Naturally, everyone dreams of boarding an illegal shuttle and zipping across the “border.” But the neo-version of Homeland Security, helmed by Jodie Foster, doesn’t hesitate to use lethal force. An unlikely chain of events puts Max in a position to threaten Elysium’s defenses, making him a wanted man and giving Damon reasons to punch people. A lot.
Max undergoes enough near-deaths and physical transformations for several superhero origin stories, and Blomkamp tugs at our heartstrings with flashbacks to his street-waif childhood. Yet we never really know him: The blank-slate act that worked for Damon in the Bourne movies simply makes him into a placeholder here. Max’s childhood sweetheart (played as an adult by Alice Braga) never becomes more than a generic, dewy-eyed Oppressed Person, either.
Foster’s character — a fascist who believes her own rhetoric — has potential, but the actress has chosen to play her with neither nuance nor a sense of fun. We get at least the latter from the baddies played by William Fichtner and Copley. They appear to belong in a pulpy, self-aware Paul Verhoeven flick, but the rest of the cast didn’t get the memo.
Or, more likely, Blomkamp hasn’t figured out what he’s doing, as the movie careens from the satire of Brazil to the cartoonishness of RoboCop to the stiff earnestness of Niccol’s work. The future LA the director has created using a combination of real slums and CGI is deliciously overgrown and grimy, and it’s refreshing (for a Hollywood movie) to see the city populated mostly by Spanish-speaking nonwhites. But for every detail that rings true, Elysium offers an allegorical anvil like that insta-healing technology. (If such a thing existed, I’m guessing the elites would use it as another tool to keep the populace in line, rather than simply hoarding it.)

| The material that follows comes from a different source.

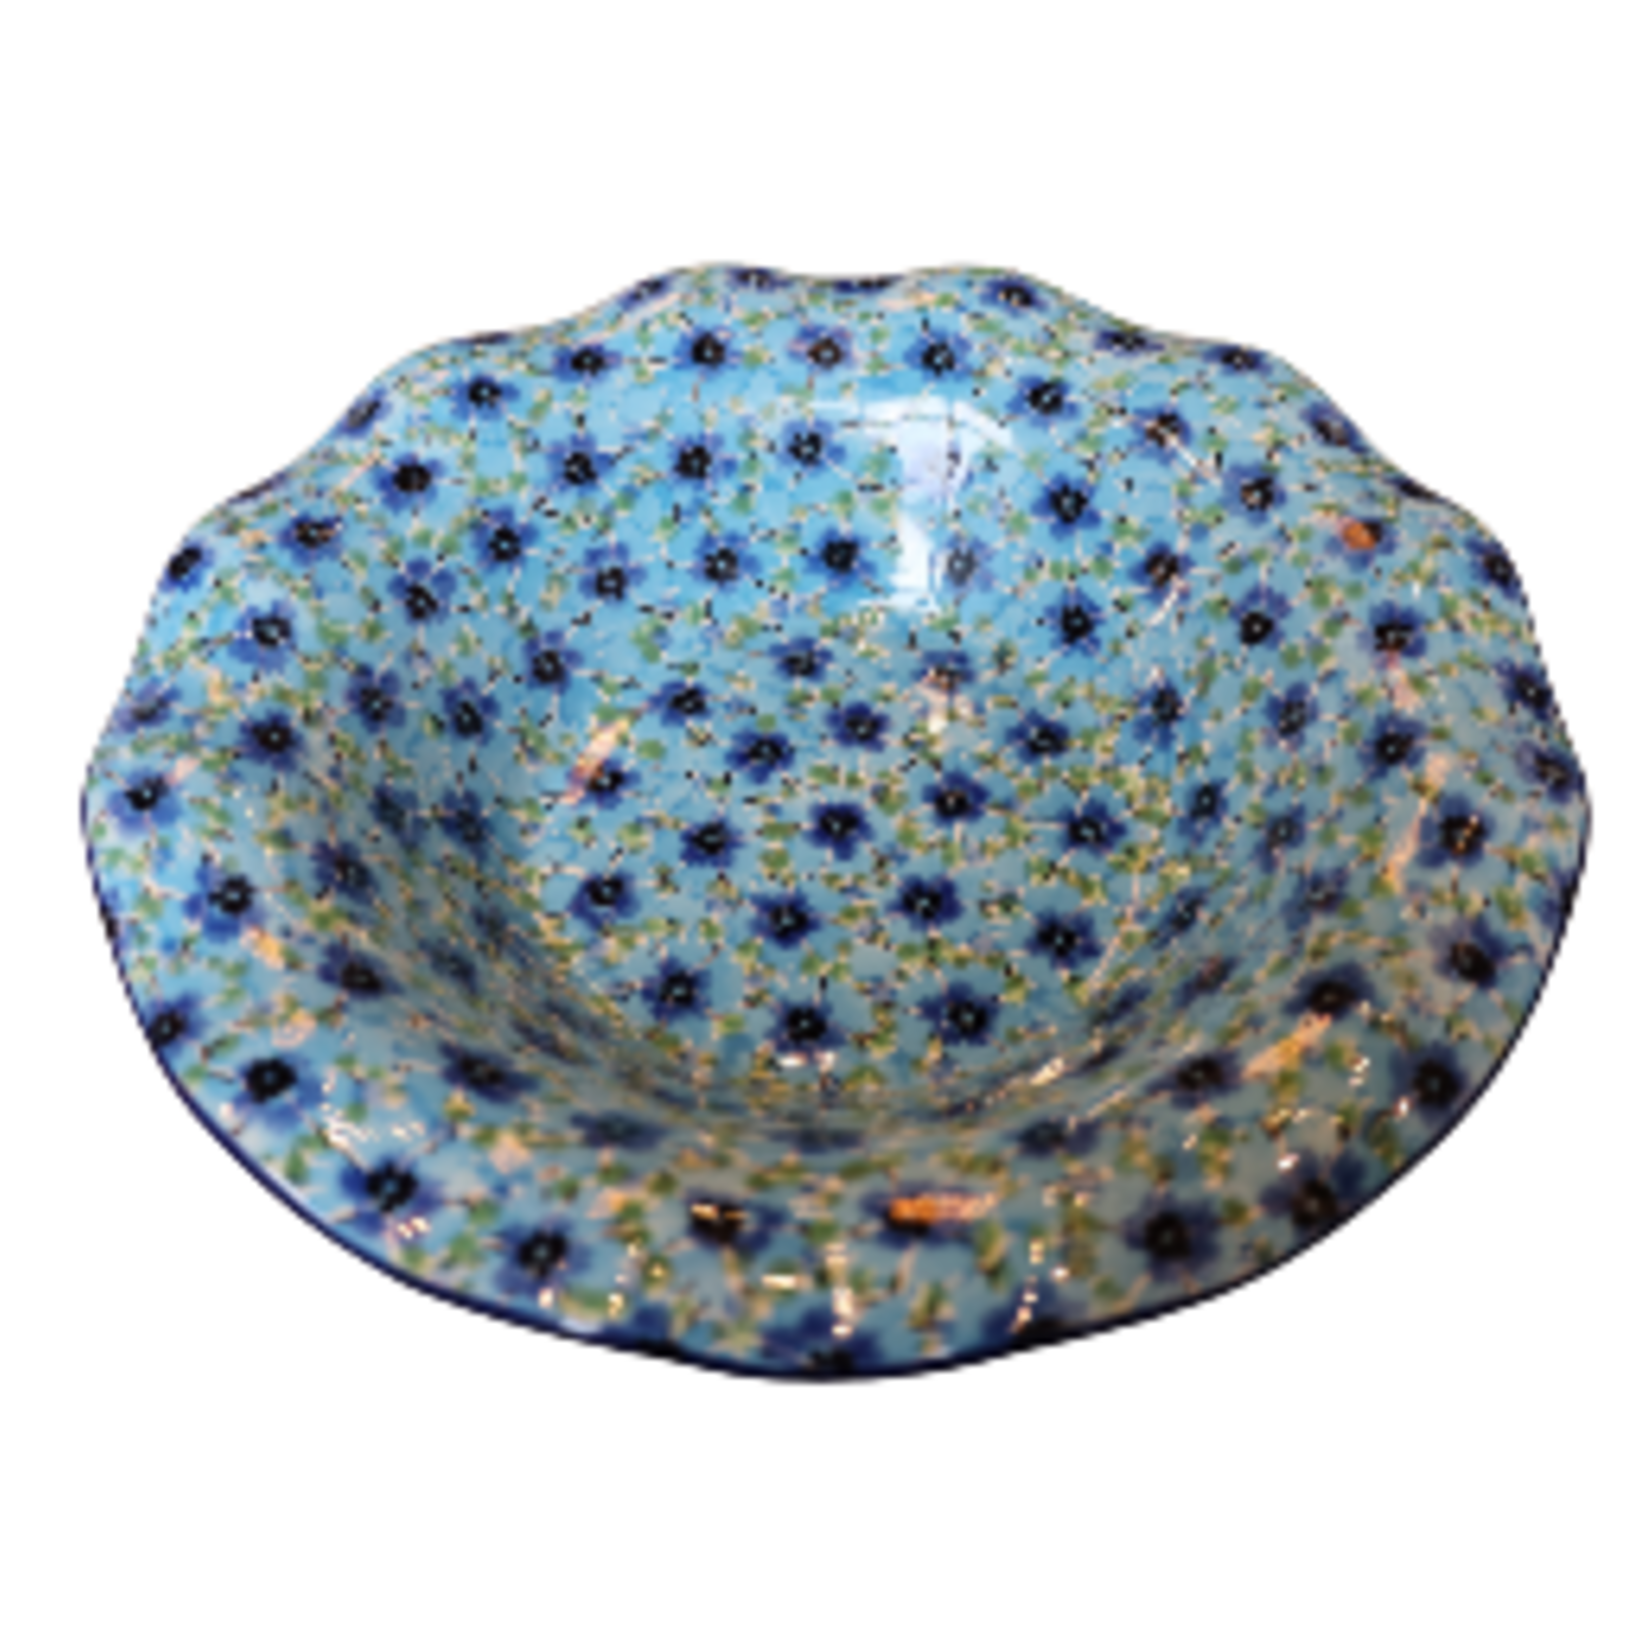 European Design Imports Inc. Polish Pottery Ruffled Edge Bowl UNIKAT, Blue

District 9 also combined a gritty setting with a frequently ridiculous plot, but its unique antihero made it work. In Elysium, we’re told we’re witnessing Max’s journey from selfishness to social consciousness, but the guy exhibits less character development than his chrome-dome twin Vin Diesel in your typical Fast & Furious movie. He needs a personality injection, and no magic health machine can oblige.